In the past, the agency largely recruited fresh graduates, but it has expanded its pool of mid-career entrants, and they include economists, lawyers and even a "banker" who helped them make sense of financial systems, he said.
BEING DISCREET ABOUT WHERE THEY WORK
Sophie, a senior analyst who has been with the agency for eight years, told reporters how she was recruited, which she said was "typical".
"I was invited for an SID tea session in my third year of my university studies. At the time I thought that the people who are speaking at the tea session were really very passionate about their work," said the history major who now works in the research department of SID.
"I personally was interested in international affairs and so I thought ... this might be something that's suitable for me."
Sophie, who speaks four languages (but could not tell reporters which four), said she has had many opportunities to train and learn in the service, including picking up additional languages and using technology for data analysis.

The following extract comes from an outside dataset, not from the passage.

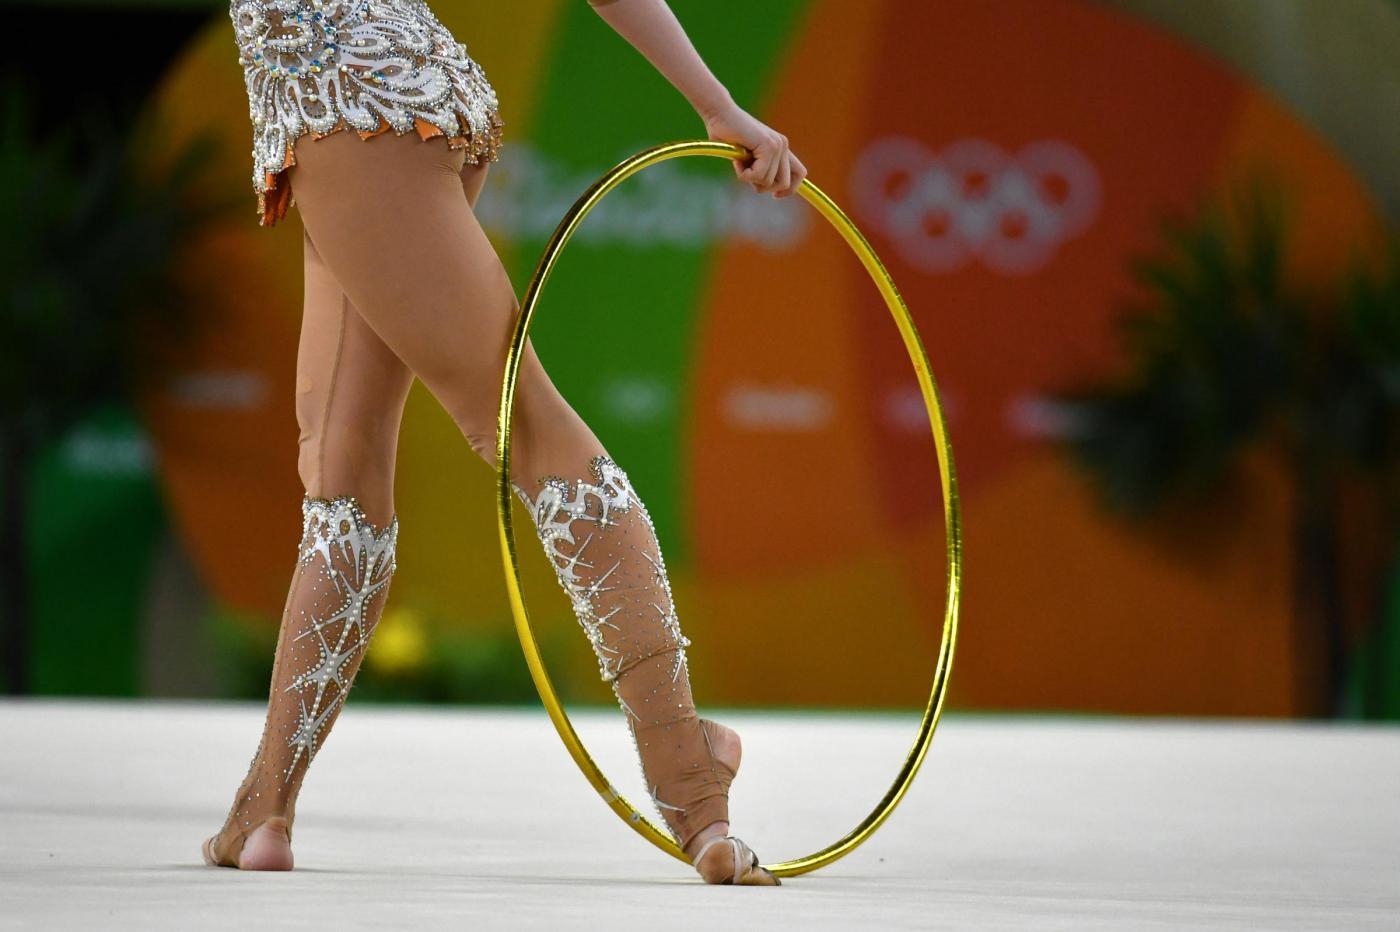 Doping, Mosca ammette: 'Atleti dopati per i Giochi Olimpici, ma Putin non sapeva'. I punti dello scandalo

When people asked her where she works, she told them that she works at MINDEF, and that her work is "sensitive", she said.
But Sophie said that the need for discretion has not been a problem for her as her friends and family have been understanding about the sensitivity of her work.

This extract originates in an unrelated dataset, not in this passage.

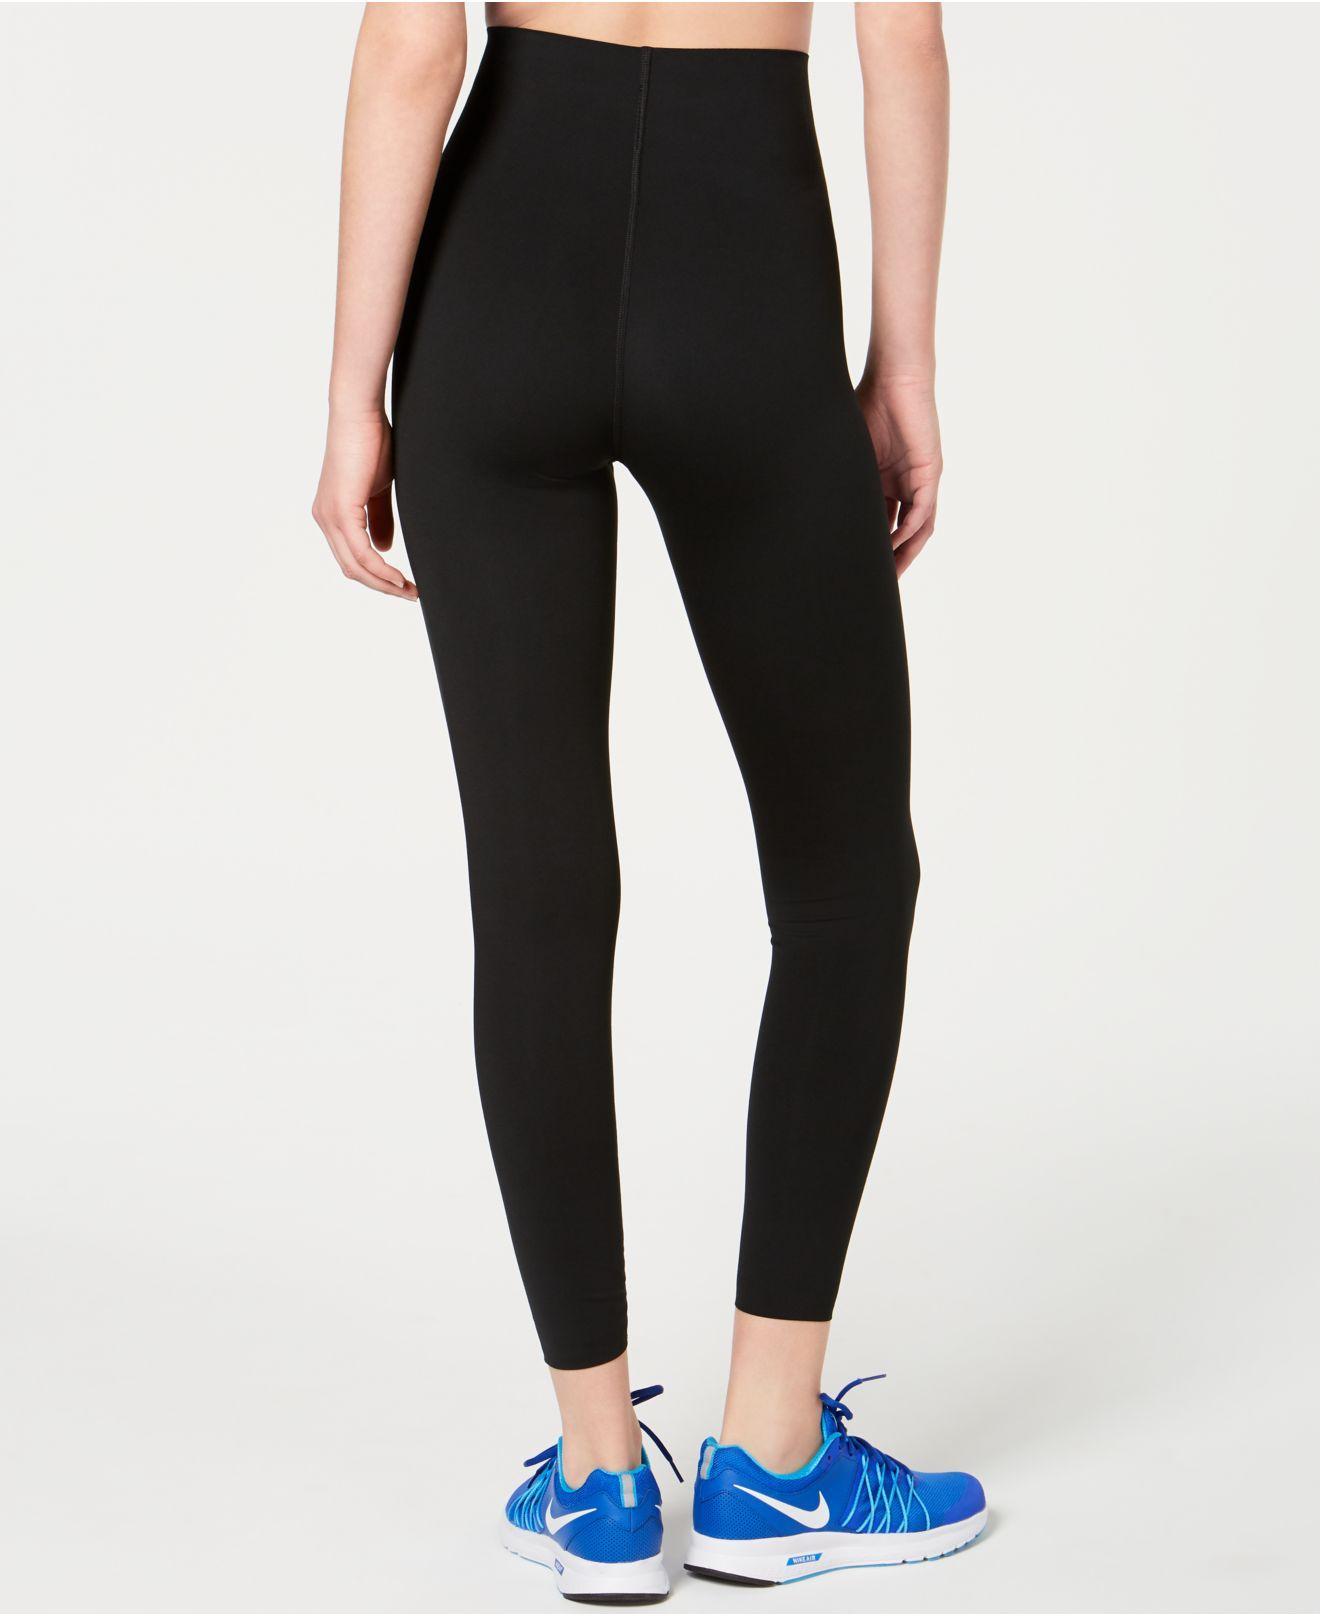 26f0520d942c3 Lyst - Nike Sculpt Luxury Dri-fit Ankle Leggings in Black

“There are clear sacrifices that we have to make and we accept those," she said. "But then there are a good deal of pros ... a lot of people join us because they want to serve Singapore.

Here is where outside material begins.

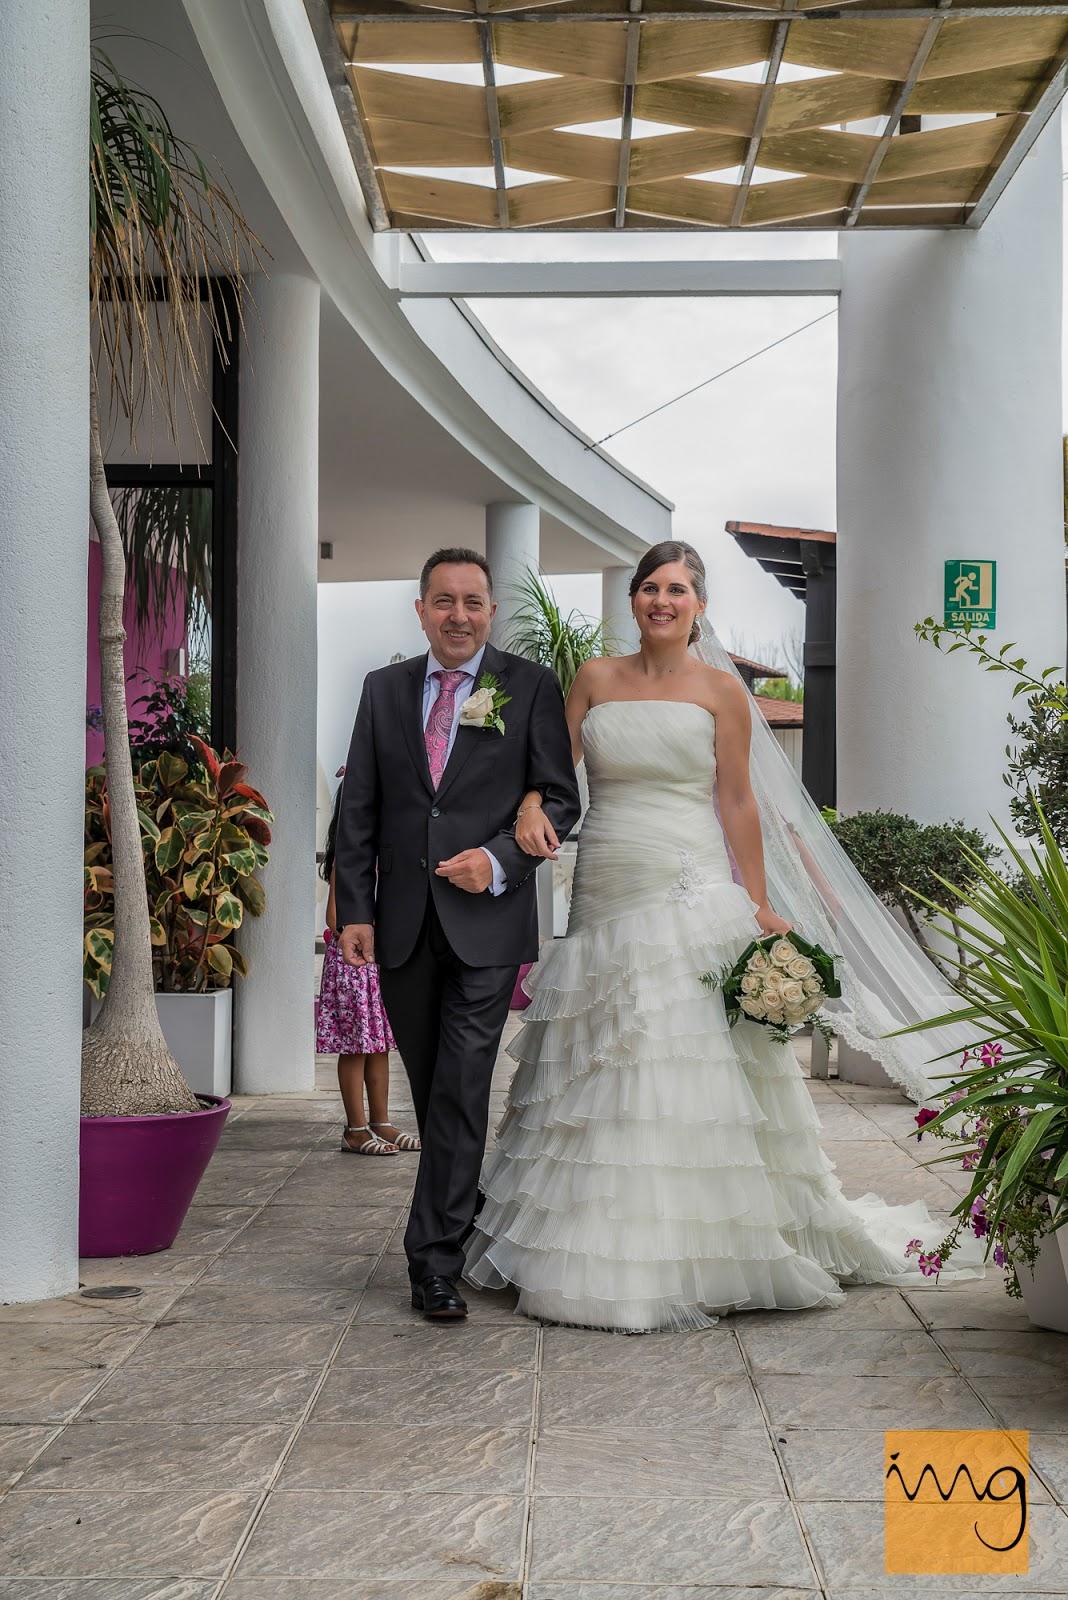 Fotografía de la novia llegando a se ceremonia nupcial.

"It's also a very vibrant work environment ... And I think for people who are quite cerebral, quite intellectual, also quite adventurous, they will find a lot of fulfilment in the work.”
When asked to go into more specifics about what they do, the answer was that "it is very sensitive". But Sophie said that she and her team have had to prepare intelligence assessments of political incidents that were developing quickly for policymakers to "make the best decisions for Singapore".
Michael, who was in operations for a decade before moving to corporate roles such as strategic planning, human resources and training, shared that he was involved in multi-agency operations to round up Jemaah Islamiyah terrorists who had fled Singapore in the early 2000s.
"The success of those operations was when we were able to actually either forewarn partners, or even forewarn the Singapore Government of the heightened terrorism threat that could have hit us,” he said.
Back then, a plot to bomb several embassies in Singapore, military bases and Yishun MRT station was thwarted by Singapore's security agencies.
The press release listed other significant operations such as helping to form the then-Joint Counter Terrorism Centre, which was subsumed under the National Security Research Centre, under the National Security Coordination Secretariat in 2004.
SID also supported efforts to disrupt a terror group’s plot to launch an attack on the Marina Bay Sands integrated resort in 2016, it said.
But given the sensitivity of their work, would open recruitment lead to vulnerabilities?
Michael said that SID screens applicants stringently and will take the necessary "mitigating measures".
Job seekers may want to take note that the application process will take longer than other jobs, with a security clearance process that can take between three and six months.
And while the agency will have to take additional measures to screen a potential surge of applicants, Michael said that it is "something worth doing" to build up its capabilities.
"You need people with different perspectives. I think you need people to challenge the norms of what the current thinking is because if you don't, then you go into groupthink," he said.
"We do encourage within our organisation that sense of tension, that creative tension that ... will probably push us to do better assessments, but you can only get that if you bring in people who have very different perspectives from you."